** TRY IT **
Your reply should contain the whole listing below, repeated exactly, and no images.

** RECORDED DATA **

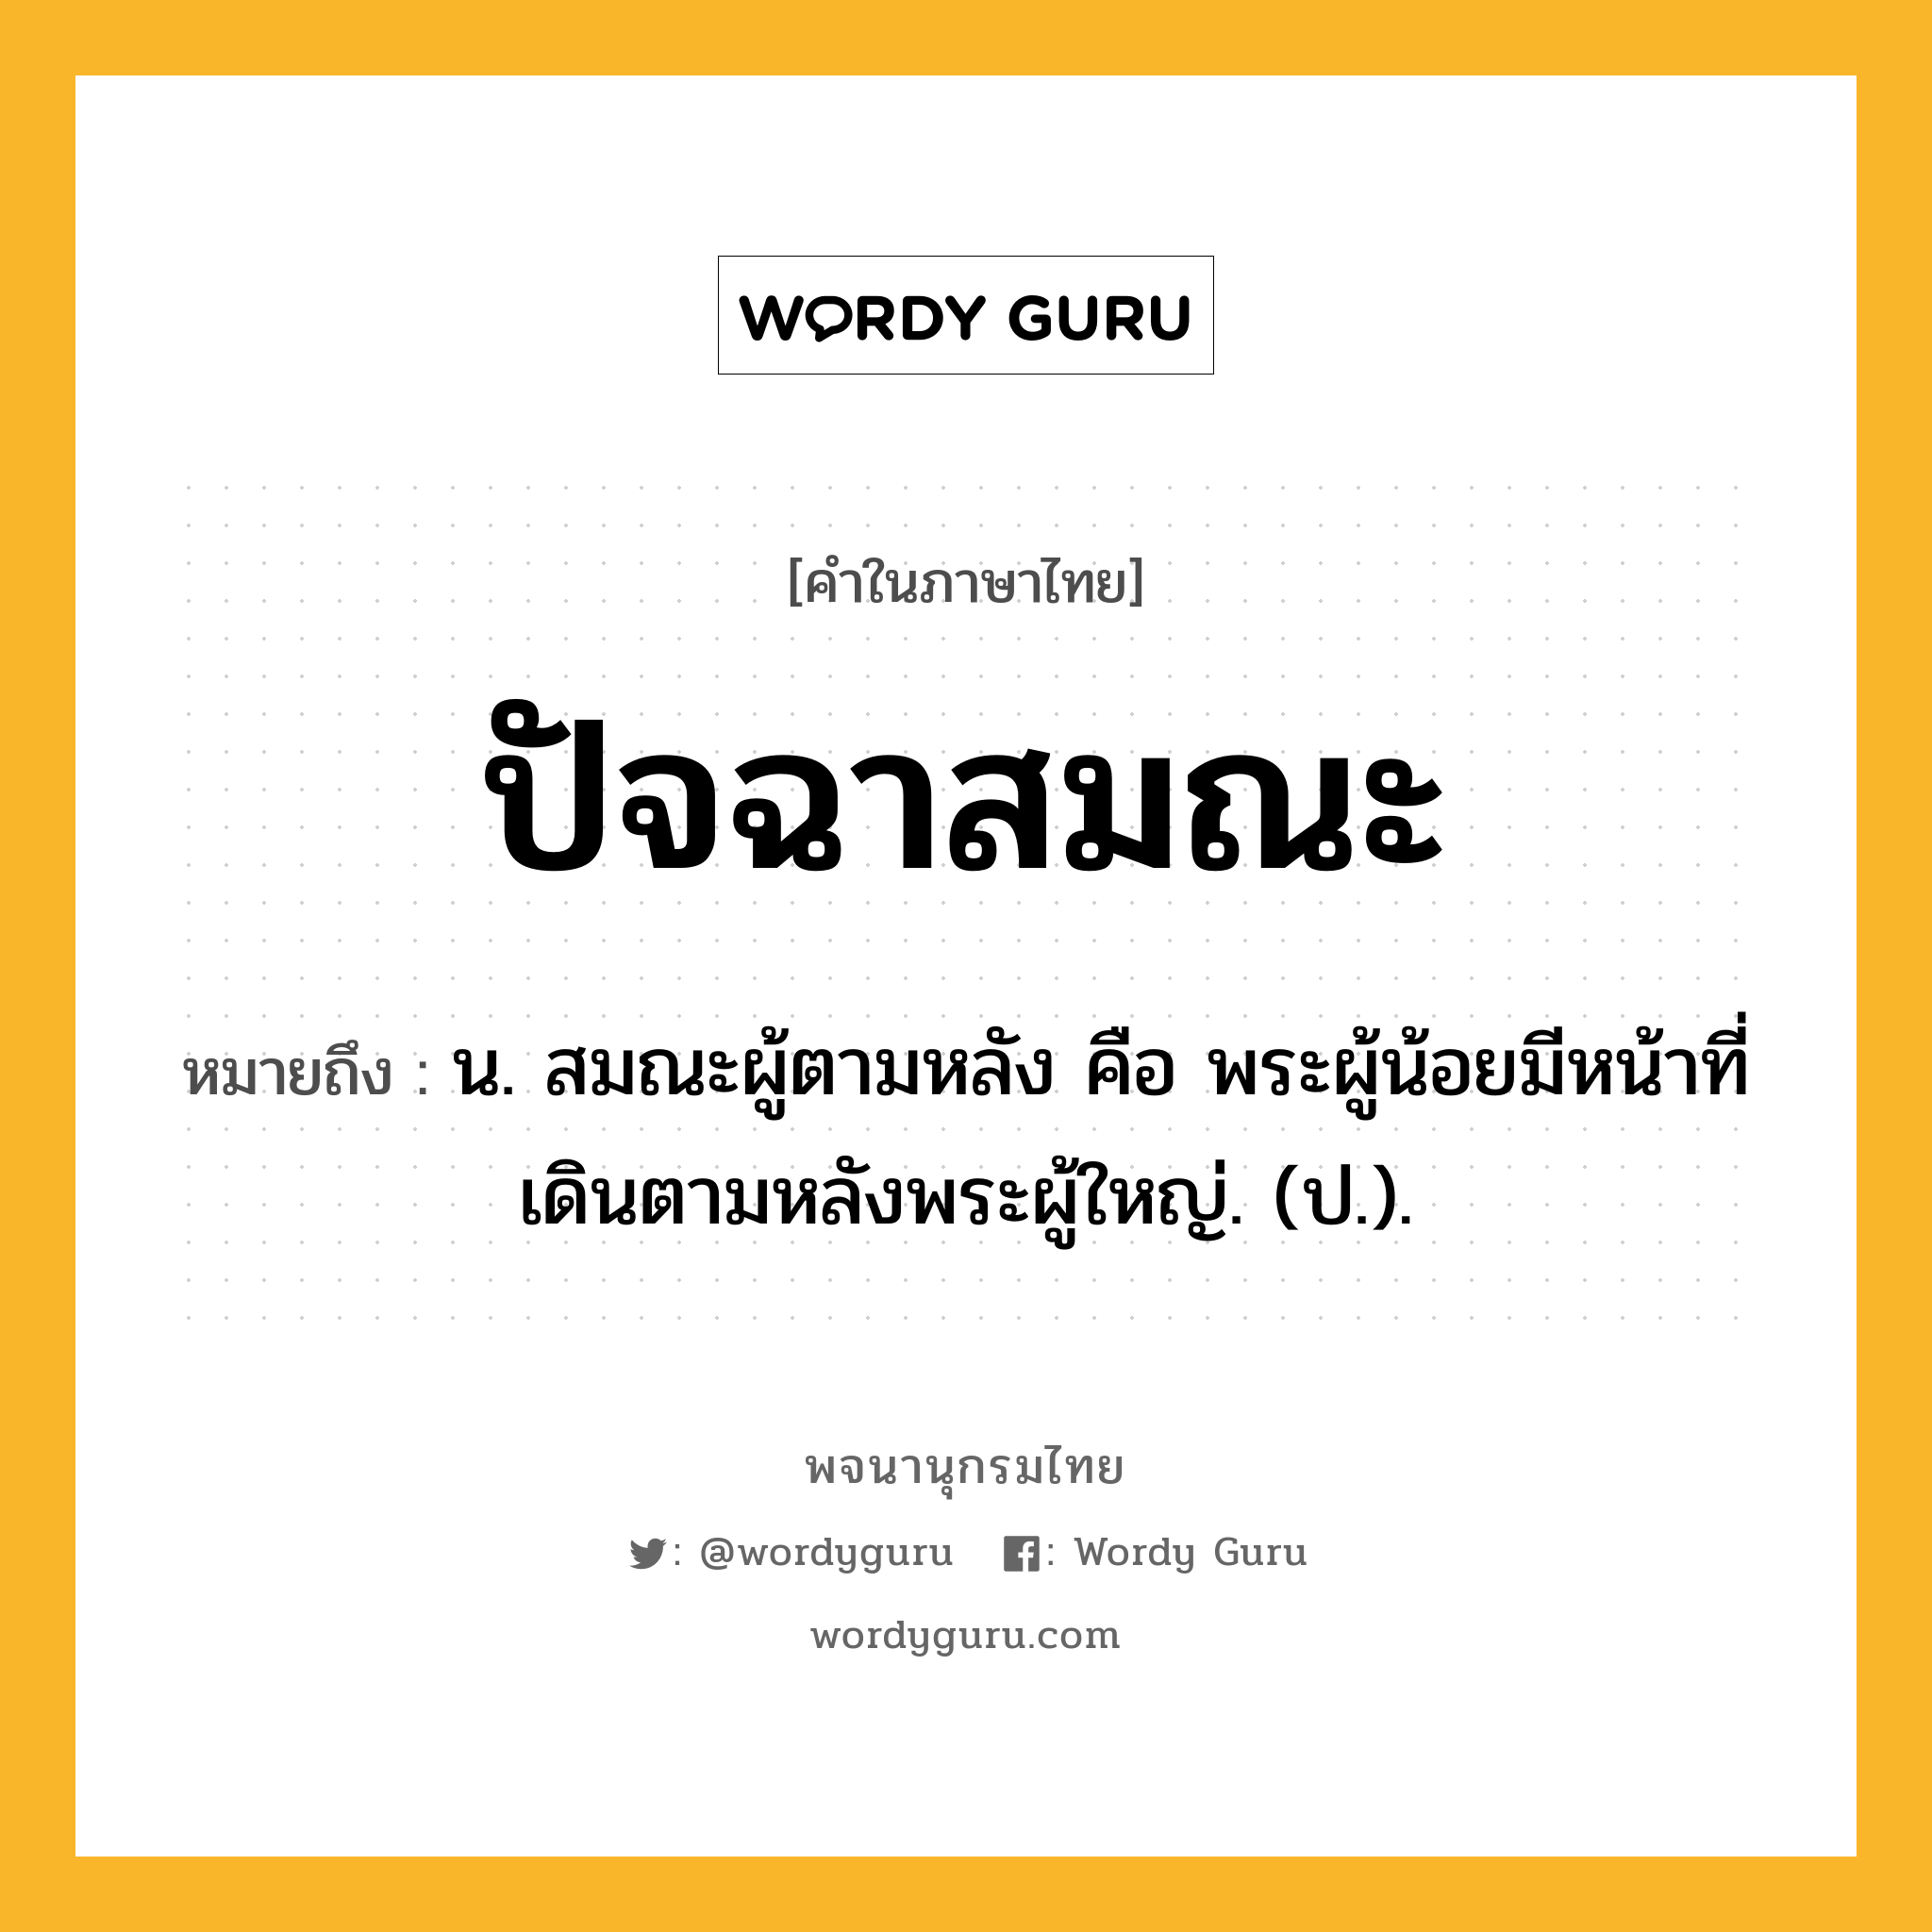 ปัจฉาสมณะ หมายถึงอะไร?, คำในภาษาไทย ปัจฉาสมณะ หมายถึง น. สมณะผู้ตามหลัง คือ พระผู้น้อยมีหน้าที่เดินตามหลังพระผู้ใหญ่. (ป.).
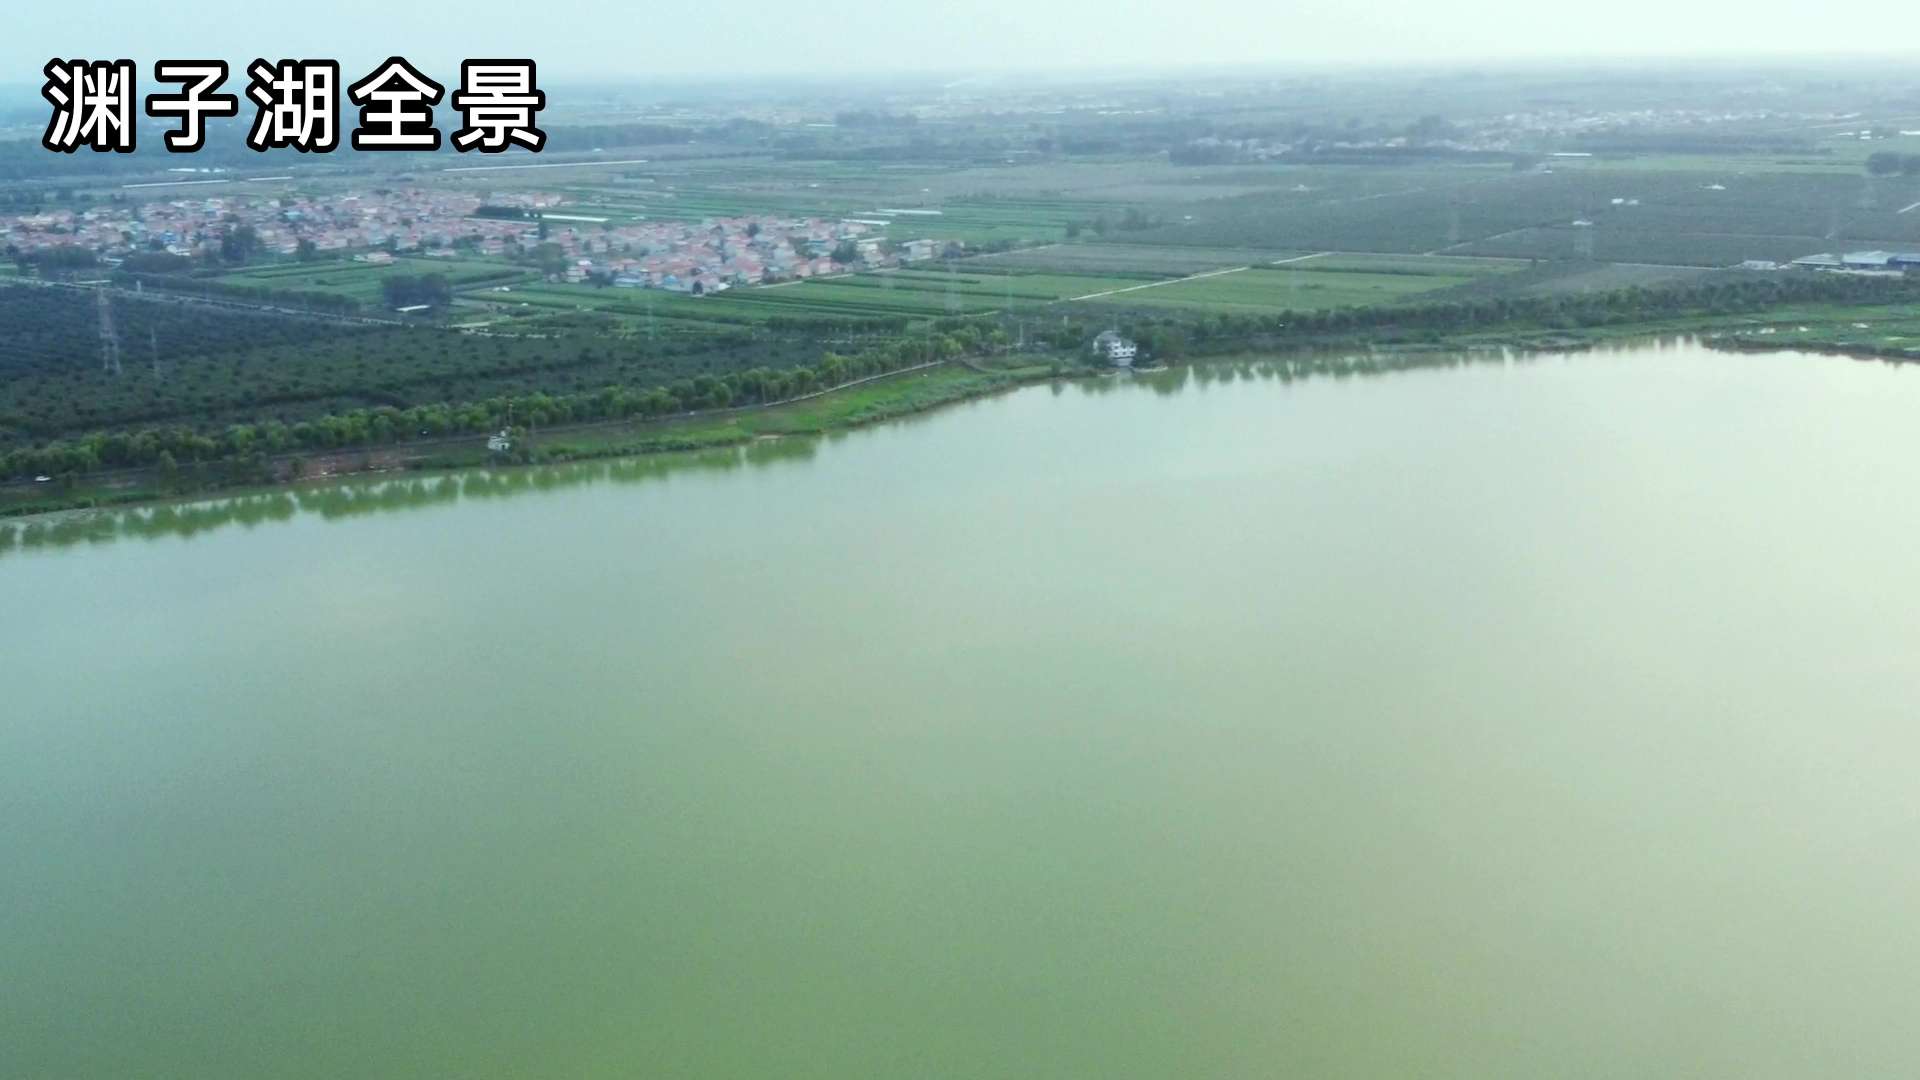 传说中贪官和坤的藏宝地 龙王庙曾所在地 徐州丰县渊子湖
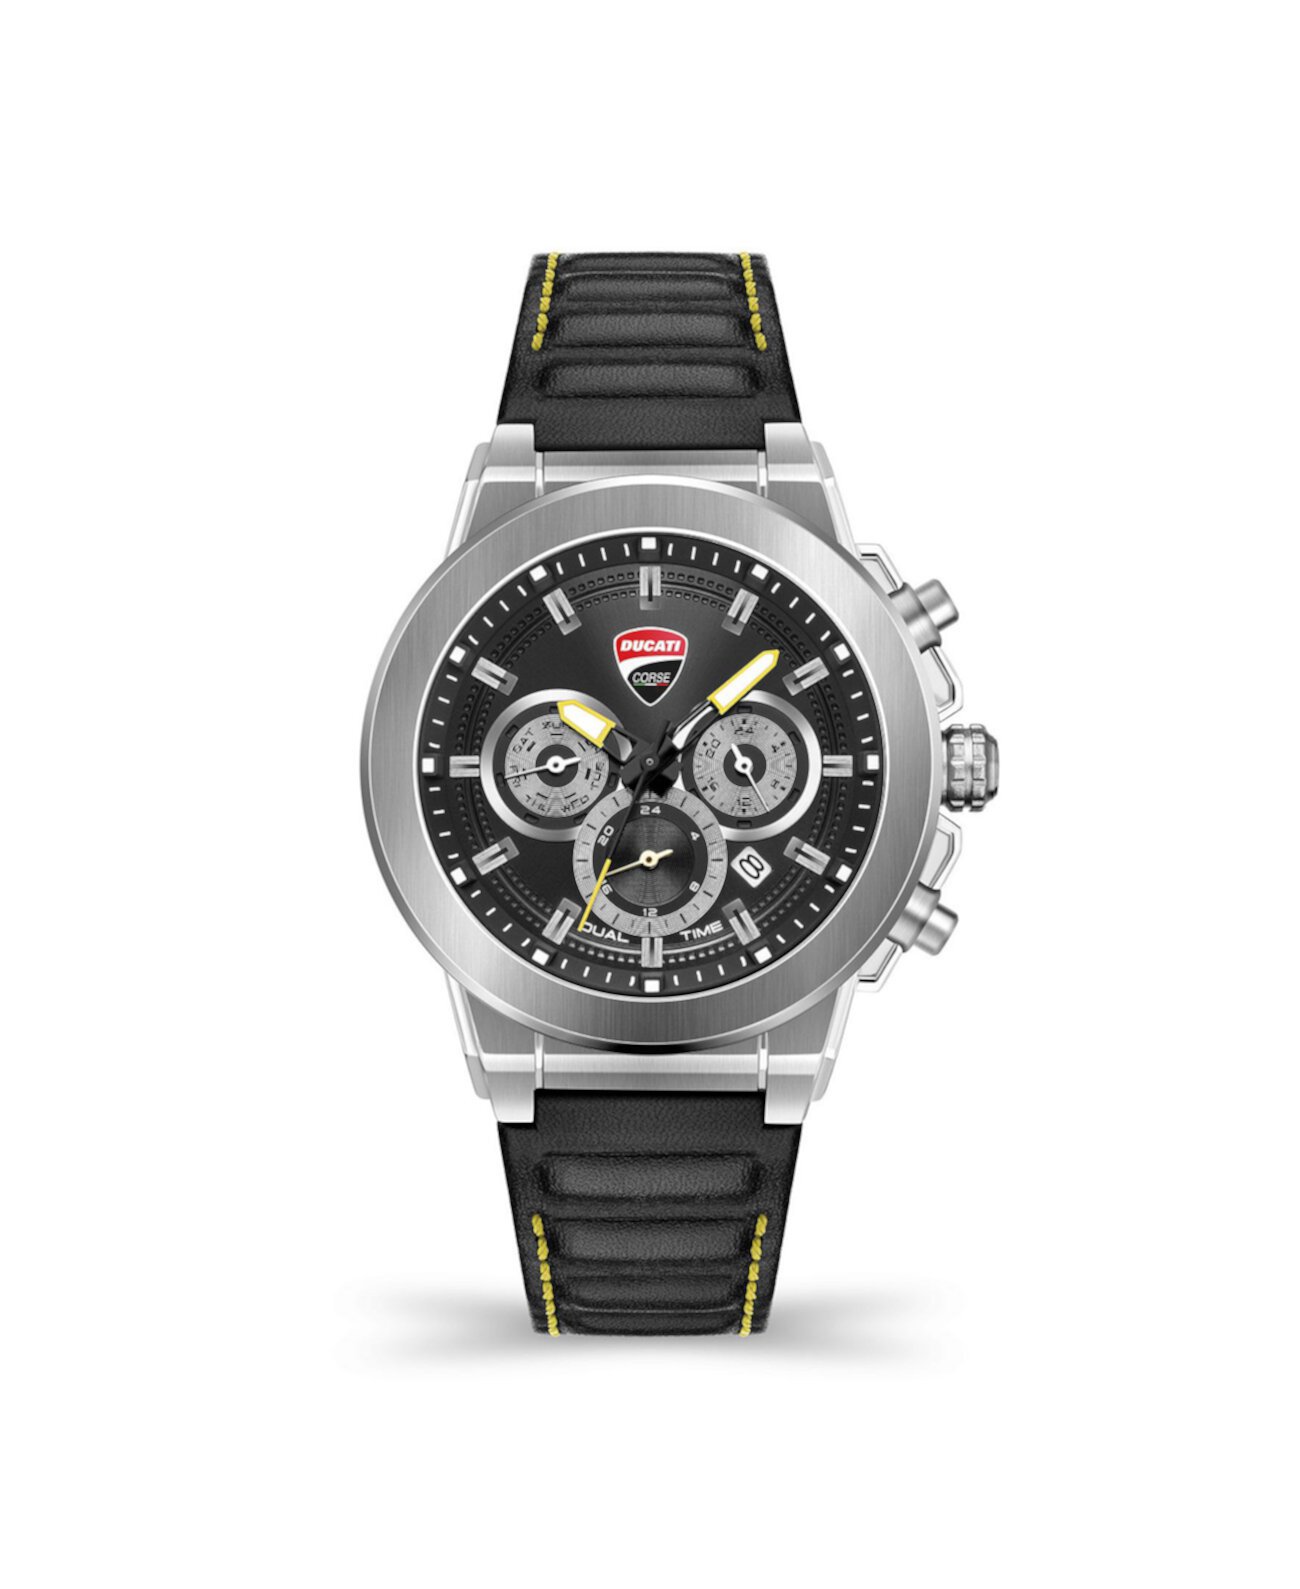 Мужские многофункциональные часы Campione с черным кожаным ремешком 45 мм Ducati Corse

** COMPLETED EXERCISE **
 ปัจฉาสมณะ หมายถึงอะไร?, คำในภาษาไทย ปัจฉาสมณะ หมายถึง น. สมณะผู้ตามหลัง คือ พระผู้น้อยมีหน้าที่เดินตามหลังพระผู้ใหญ่. (ป.).
 传说中贪官和坤的藏宝地 龙王庙曾所在地 徐州丰县渊子湖
 Мужские многофункциональные часы Campione с черным кожаным ремешком 45 мм Ducati Corse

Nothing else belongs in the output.